Bane of babushki: Moscow's not-so-popular poplar
Moscow
Some call it ''Stalin's snow,'' others ''Roosevelt's revenge.'' Pookh - the cottony seed of poplar trees planted, local legend has it, on Franklin Roosevelt's advice to Josef Stalin - has suddenly blanketed Moscow in fluff.
The plague comes every year, usually around late May or June, in that snapshot instant known locally as spring.
It's as if someone far above has shaken an enormous box of Q-tips; torn a huge goosedown coat; or punctured Goodyear blimps full of cotton.
The pookh goes everywhere. In small bits, it climbs stairs. It sneaks through cracks in closet doors. It weaves itself into pedestrians' hair, sticks to car exhaust pipes, alights on ice cream.
''The ice cream is one of the main problems,'' says Viktor, a balding pedestrian evidently unaware he is sporting a pookh-y halo of white.
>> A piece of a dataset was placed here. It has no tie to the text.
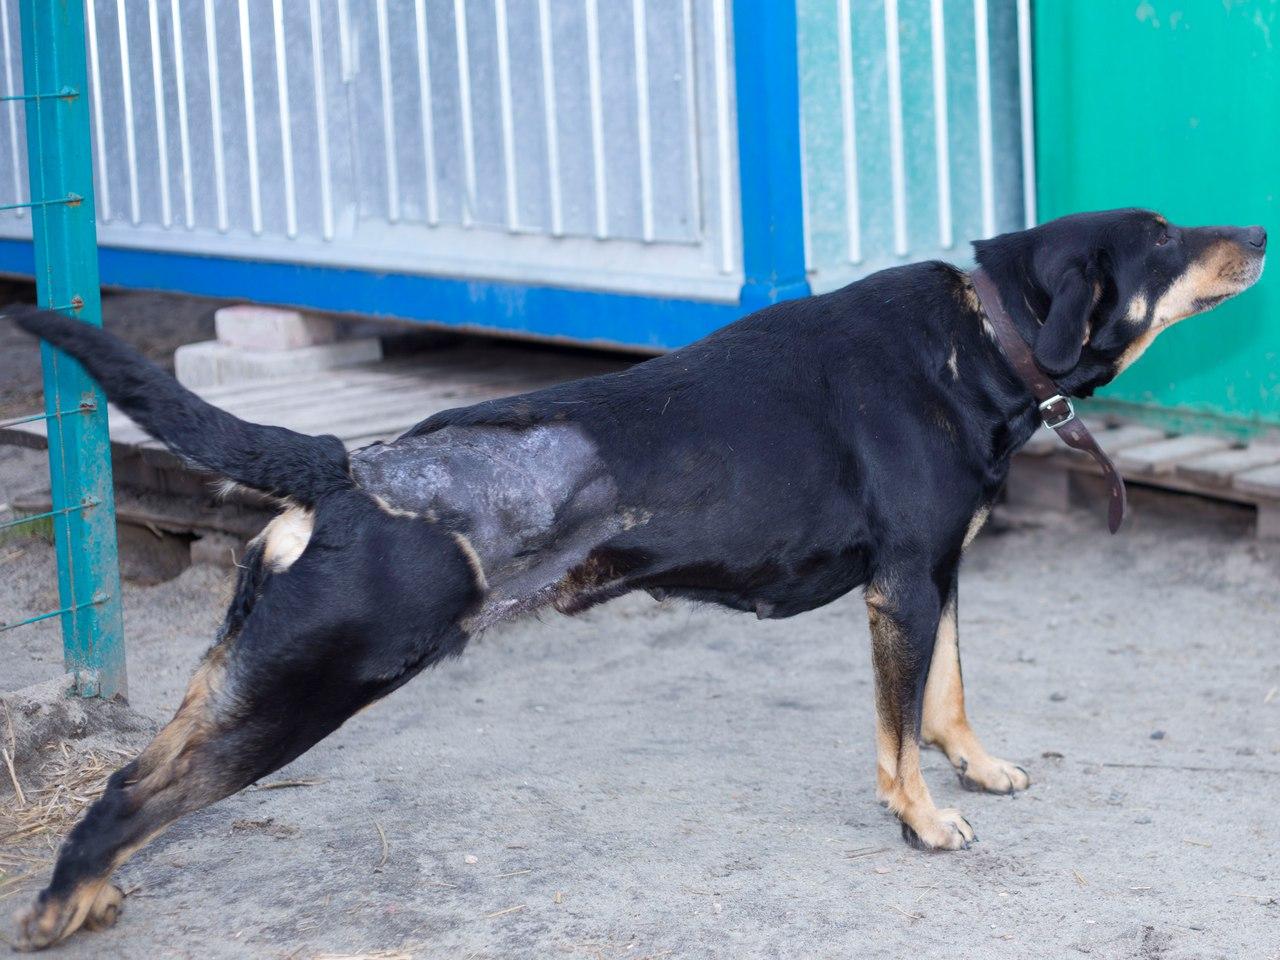 История Землянички - ласковой собаки, которую едва не разрубили пополам! рис 6
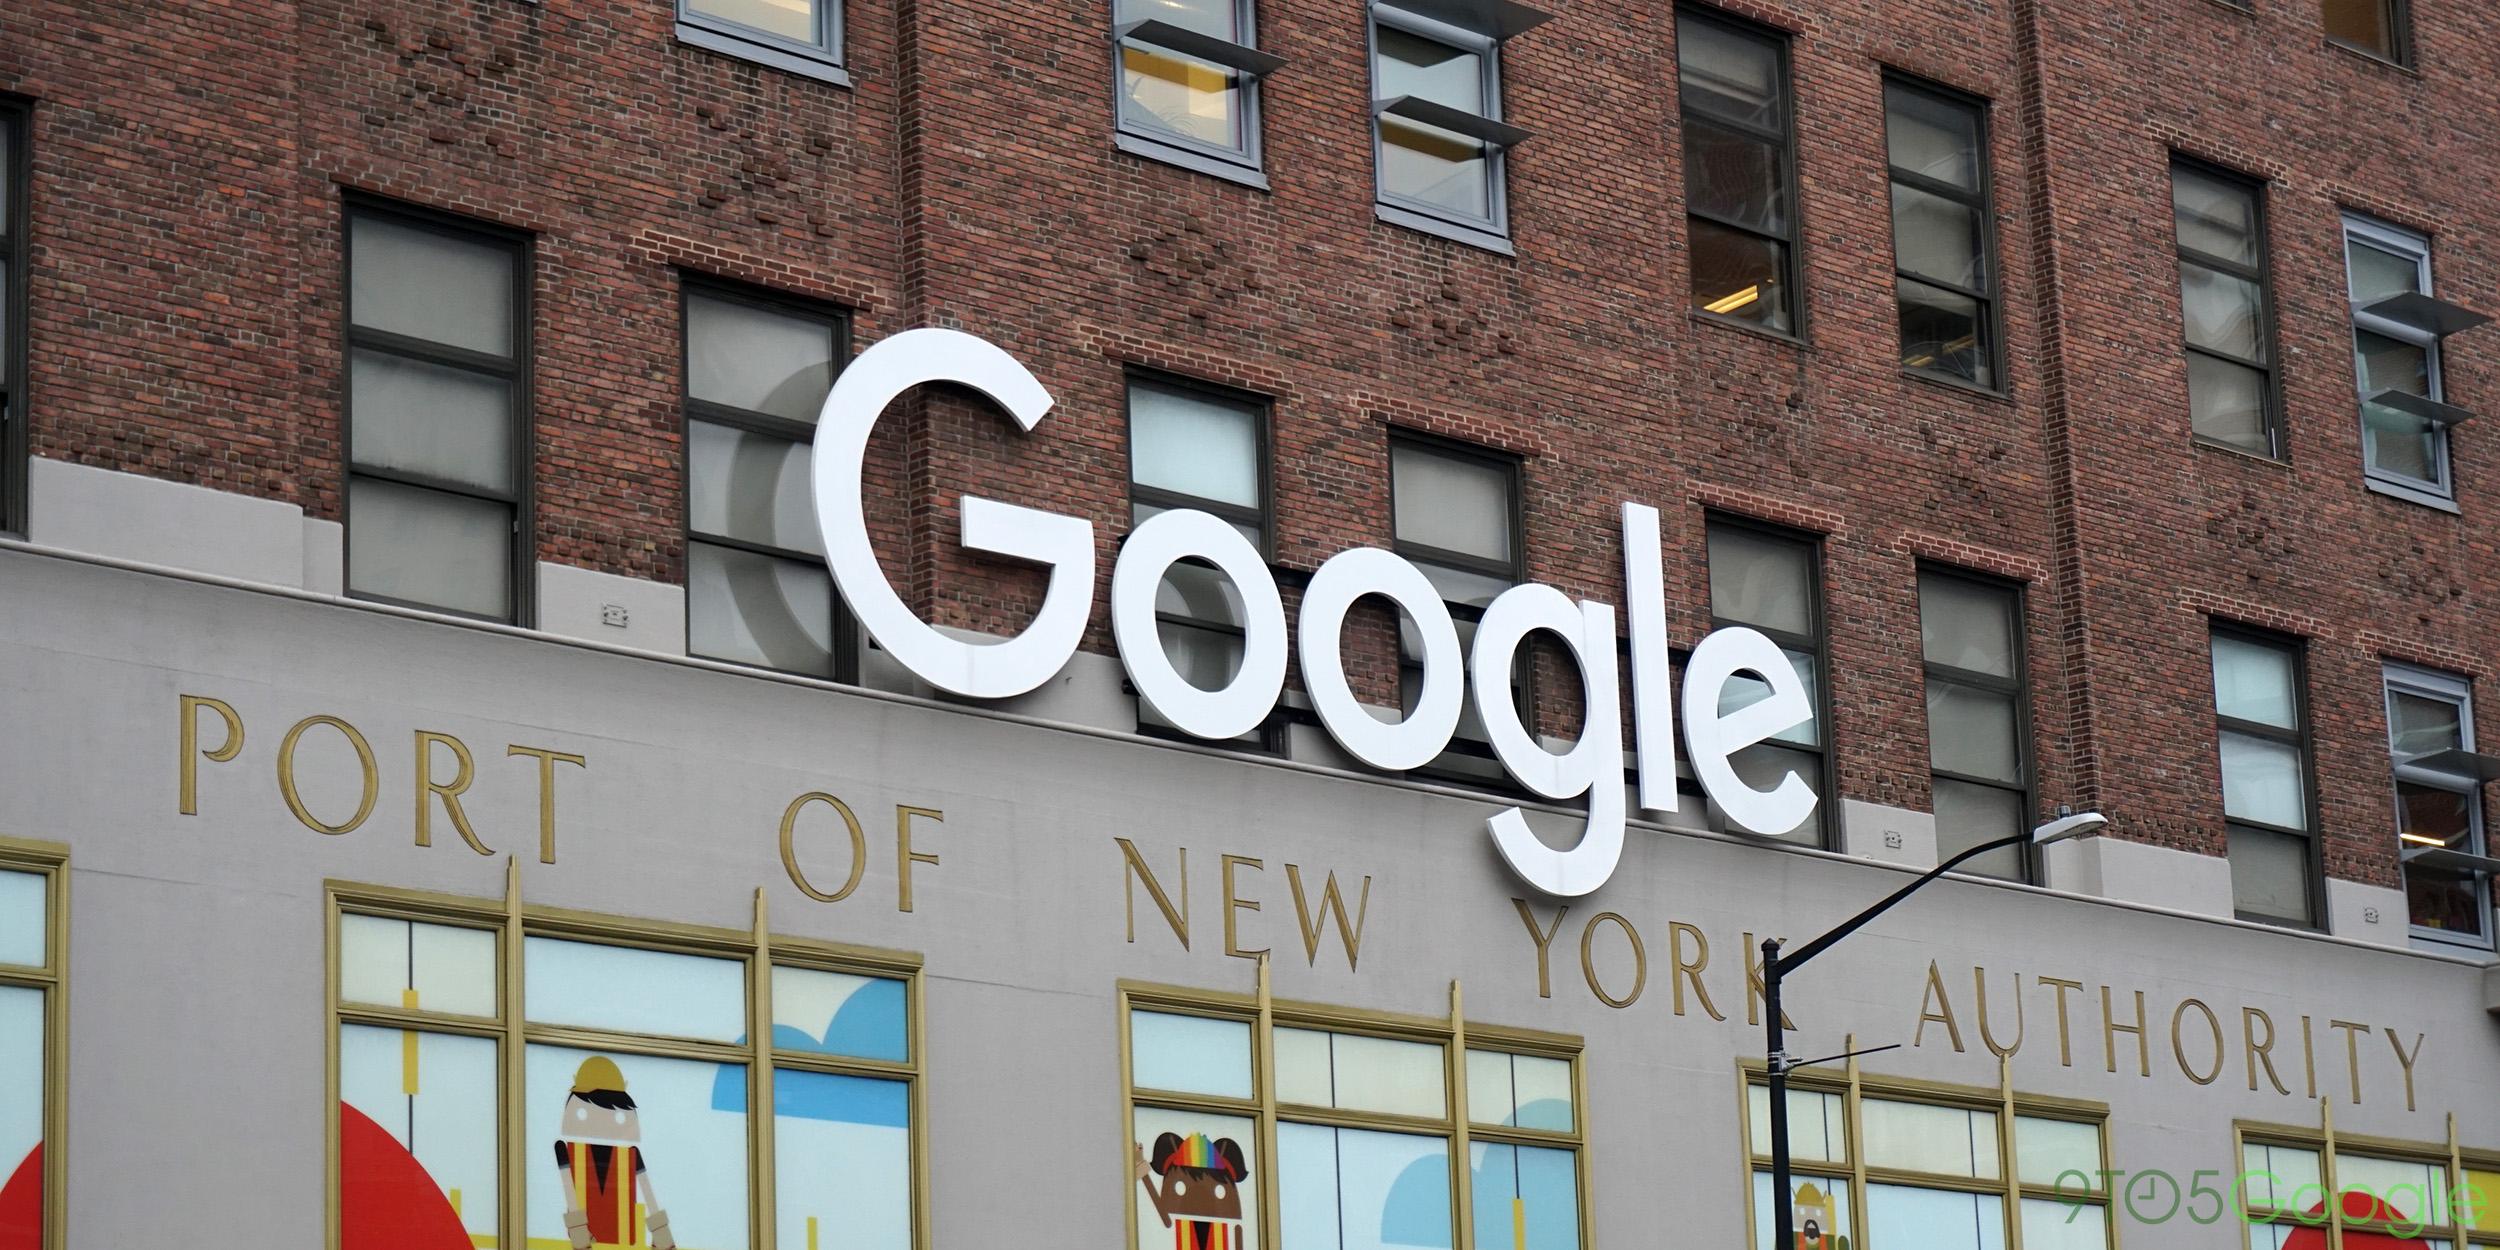 Googler, die sich gegen Project Maven ausgesprochen hatten, nannten 2018 Rüstungskontrollpersonen des Jahres

Around him, near Moscow's central farm market, pookh falls like some Hollywood snowstorm.
Lyudmila, a husky female office worker, says her gripes are these: ''Pookh sticks to my face. It makes my nose tickle. It gets in my hair.''
Still, not everything said about pookh is bad.
Two lovebirds holding hands on a park bench are quick to aver that they, personally, feel pookh has gotten an unfairly bad name.
''I like it,'' says the young girl. ''When the pookh really starts falling it is like snow. I like the idea of having snow when it's not winter, and when the city is green.''
Her boyfriend, the academic type, adds: ''Pookh comes from the poplar tree, only the female poplar. It's a tree that provides lots of oxygen, which is important in a big city like Moscow.''
A gaggle of young kids demonstrates that once pookh lands it tends to settle in cottony bunches on the ground, especially if there's been a bit of rain. Then you can light it with a match and it goes off like a sparkler on the Fourth of July.
A sidewalk fruit peddler offers this additional nice word about pookh; ''It actually cleans the air. It attracts the dirt from the air.''
As often in Moscow, the truth speaks through the babushka, the omniscient granny.
''Cleans the air?!'' huffs one solid specimen. ''That's absurd. Pookh dirties the air. It's a nuisance!''
She does accept the idea that pookh's parent trees are good for the city environment. And they're nice and green, another plus.
But pookh is just pookh, and once it comes, the best any self-respecting Moscow babushka can do is hope for a quick, torrential rain.
''You know,'' says a second babushka, ''one problem is that there are more and more of these trees every year. They grow like crazy. You can take a branch of one of them and stick it in the ground, don't even water it, and next year you'll have a poplar tree! That's why almost every tree in the city is a poplar.''
''If you cut them down, you pay a fine of 300 rubles, even if the tree is about to climb in your window!'' offers Lyudmila the office worker, adding, prudently, that she's never taken hatchet in hand and tried.
But another woman chimes in: ''In some of the newer regions of town, they don't plant these trees anymore.'' Another differs: ''They plant them, but they trim the top branches, so there's less pookh.''
So, when did all the trees get planted, anyway?
The legend speaks of something of a triple-play combo: Roosevelt to Stalin to pookh. On the surface, this makes sense, if only because the poplar in question seems to be the good old North American cottonwood.
But babushki, who should know, say the legend is all wrong: poplars and pookh came before Roosevelt and Stalin.
Still, the tale is too nice to ignore just because history may get in the way.
Besides, if one assumes Moscow's poplars date to around World War II, one might even write in a bit part for Churchill: Winnie the Pookhm.